Apathy best describes my past feelings on the mobile games field. The fact that I didn’t have an iPhone played a big part in the thought process, but I also equated the platform to inherently lesser experiences. I still don’t feel mobile games reach the heights of console/handheld releases, but I did unfairly judge the platform.

Now that I have experience with games on the iPhone, I can understand the appeal. As I find myself consumed more and more by schoolwork and other responsibilities, I look to mobile games as a brief diversion. I may not be able to play Dark Souls II while I wait 20 minutes for my next class, but I can easily load up some Ridiculous Fishing on my phone.
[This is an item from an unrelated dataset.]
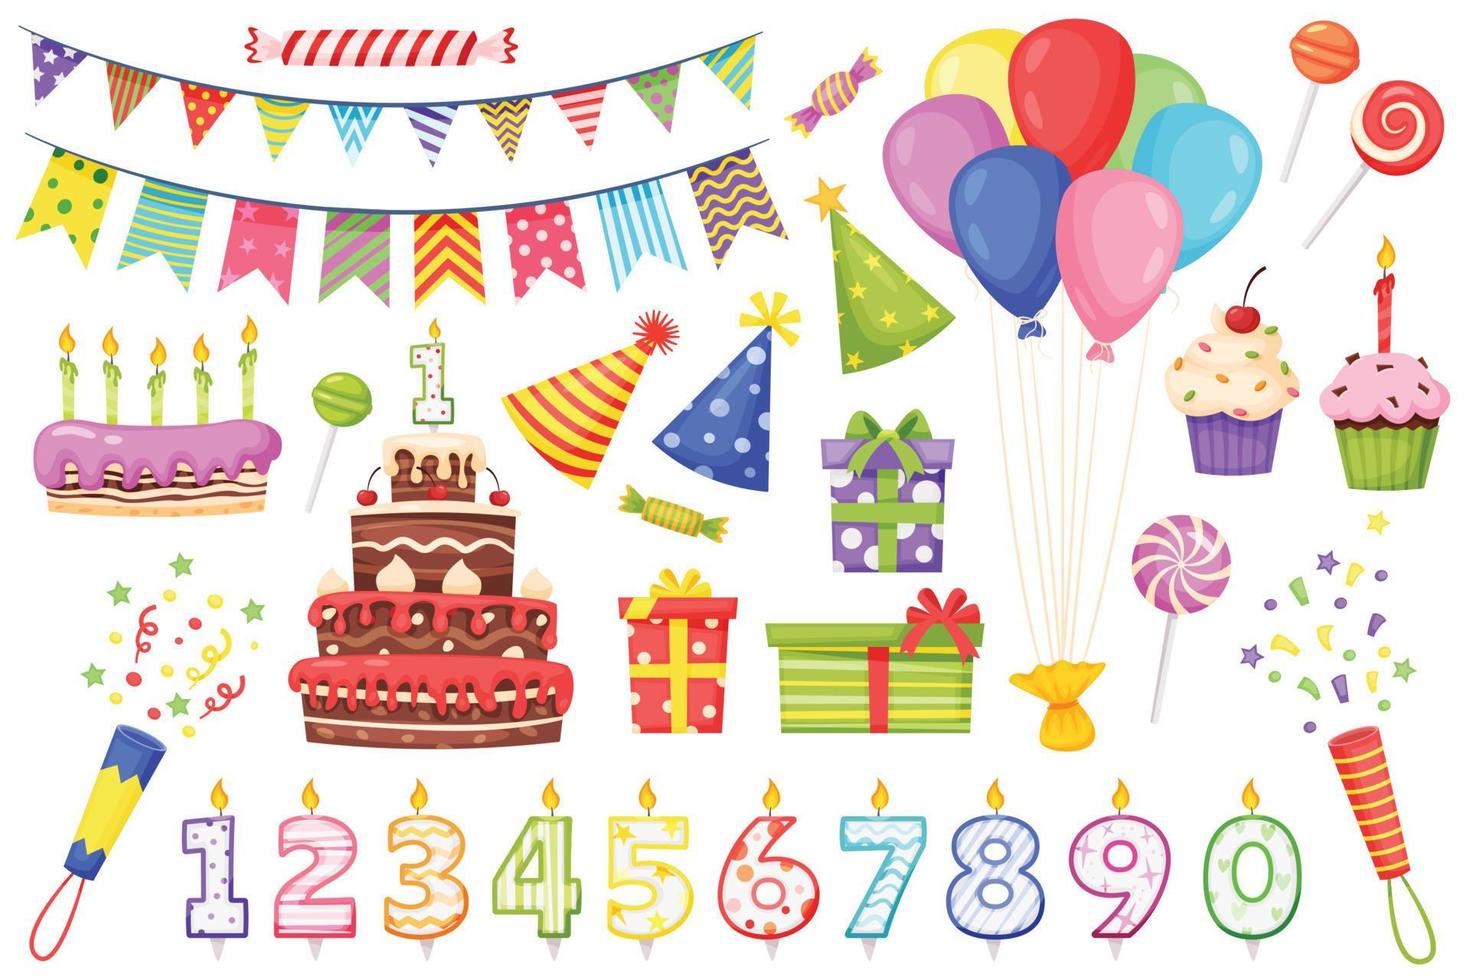 tekenfilm verjaardag partij decoratie elementen, cakes met kaarsen. kleurrijk vlaggedoek vlaggen, ballonnen, partij hoeden, geschenk dozen, snoepjes vector reeks

The pick-up-and-play mechanics that define numerous mobile games create a niche in which busy individuals can still find video game experiences to remedy boredom and malaise. Again, these games don’t capture the thrill and excitement of playing the best games on a PlayStation 4 or 3DS, but they don’t need to — their goals are largely different.

But my shift in perspective only represents one part of the equation. Mobile games themselves have also changed over time. They grow and adapt based on the market, and that adaptability allows developers to take greater risks.

The first example that comes to mind is Monument Valley, a puzzle game released on iOS earlier this month. It uses artist M.C. Escher and Japanese art as key sources of inspiration in order to craft a distinctive world. Impossible structures and beautifully vibrant colors coexist with each other which establishes a mysterious tone as players solve increasingly complex puzzles.

Monument Valley is not a perfect game — it’s rather short at 90 minutes and falls on the easy side of things. But it made a huge impression on me as I played it, and it presented a unique experience that one might not expect to find on a phone. Others felt the same way, as the game shot to the top of the App Store in numerous countries.

Games like Monument Valley signify a metamorphosis in the mobile games field. Mobile developers understand that part of their audience wants to see creative risk which helps the platform grow and appeal to initially skeptical people like myself. I don’t think mobile games will dominate the industry five years from now, but they have the potential to sit comfortably right alongside titles on other platforms.